Perhaps his most-pleasant memory from the war was when he was discharged from the Army. He was in line with other soldiers being discharged after the end of the war. The soldier at the front of the line would walk up to the officer at the front of the room, receive his discharge papers, salute, and walk away.

“When I got my papers, I let out a war whoop and woke that place up,” Lewis said.

Once back in Thurmont, Lewis went to work on the family farm. He met his wife, Freda, who was a farm girl, also from Thurmont, and they married in a double ceremony with a couple they were friends with.

Donald LewisLewis also had a political career. He served two terms as Mayor of Thurmont and one term as a Frederick County Commissioner. He said a group of people tried to talk him into running for governor, but he turned them down, saying, “I’m too honest for that.”

Lewis and his wife ran a sporting goods store and greeting card store on the Thurmont square for many years. He is now ninety-six years old and still living on his own. “I want to live to be one hundred,” he said. “After that, I’ll take what I can get.”

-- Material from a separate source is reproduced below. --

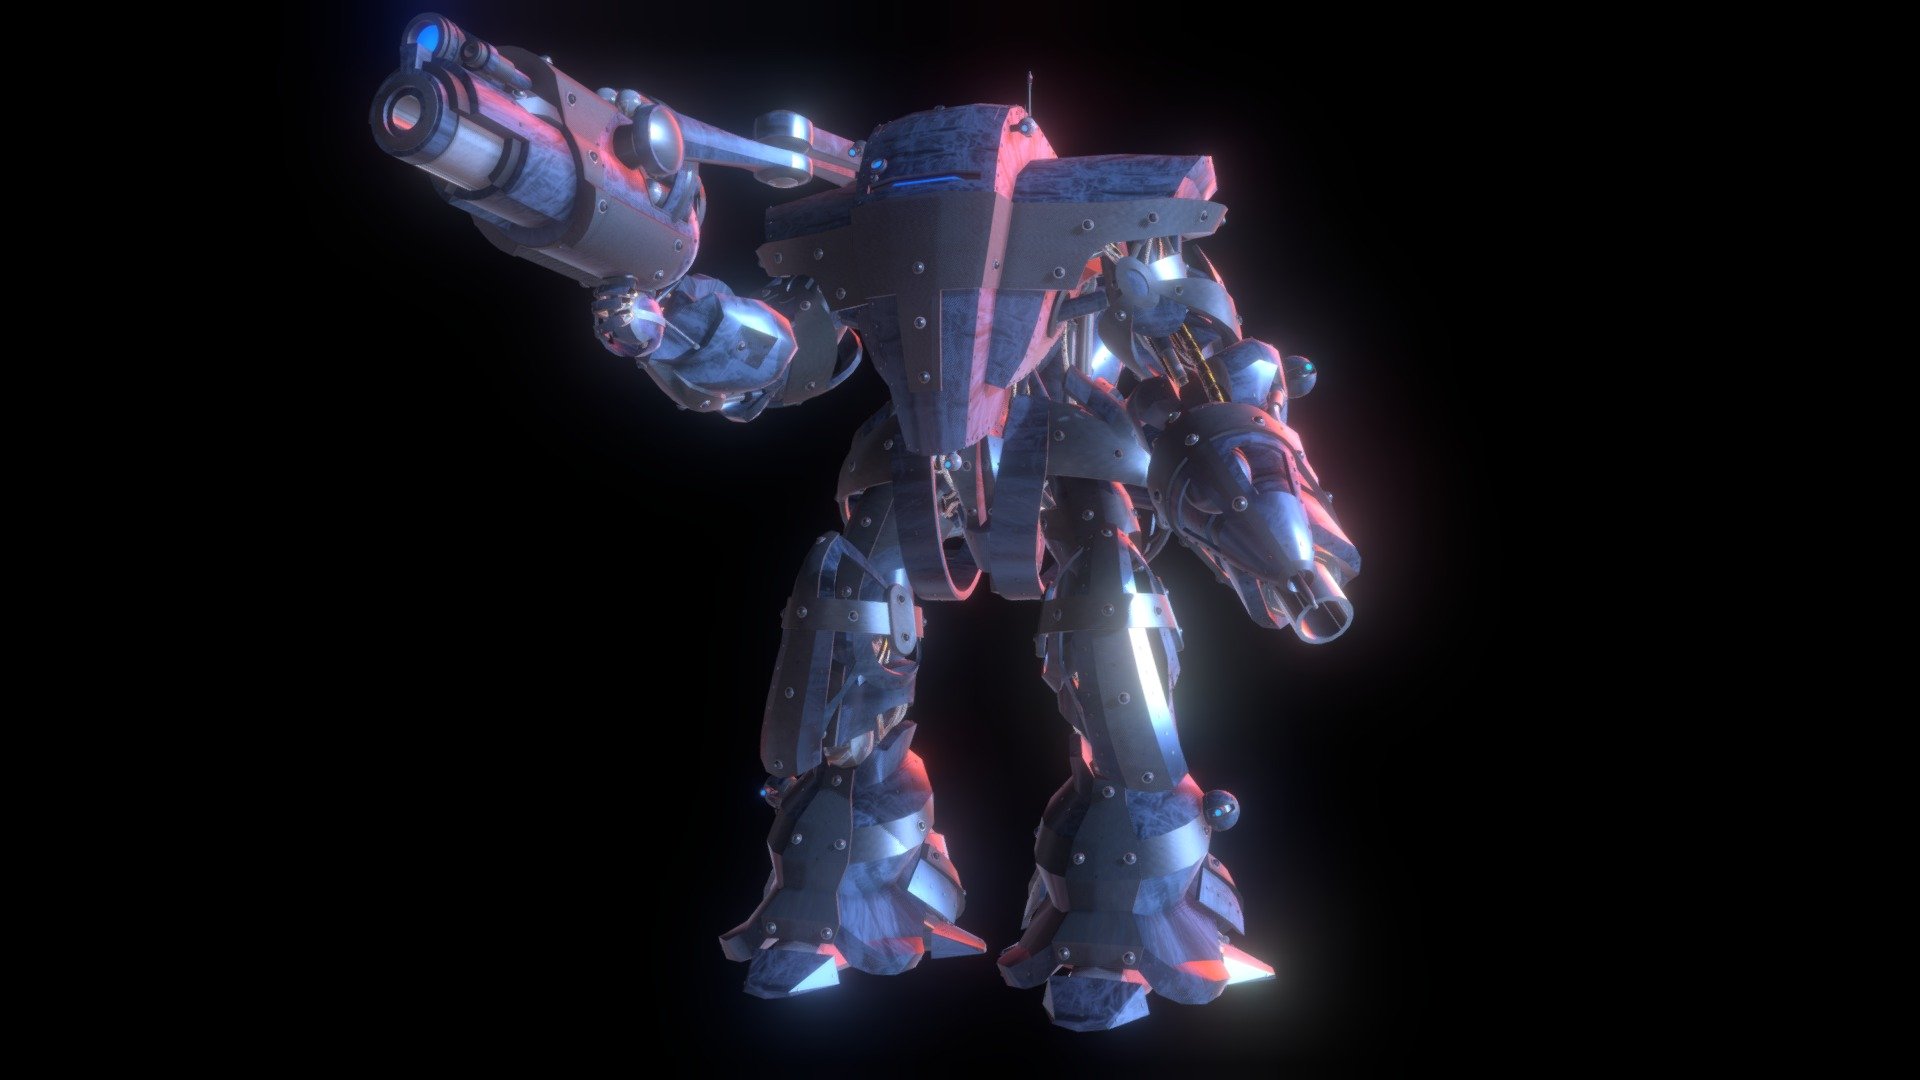 A mech I modeled in 2013 for fun.  I set up a simple IK rig for this walk cycle 3d model

Veterans Day is on November 11. Make sure to thank any Veterans you know for their service, and attend one of the special Veterans Day activities going on in the area.

The Germans started firing on the beach and the landing craft. Lewis focused on his job and began marking the paths where troops could cross.

“When I looked back, men were laying everywhere,” Lewis said. “Just about everyone on the boat was dead.”

After the war, when he was invited back to Normandy for the anniversary of the D-Day invasion, Lewis always turned down the invitations. Now ninety-six years old, he has never returned to Omaha Beach.

“I’ve seen all I wanted to,” he said.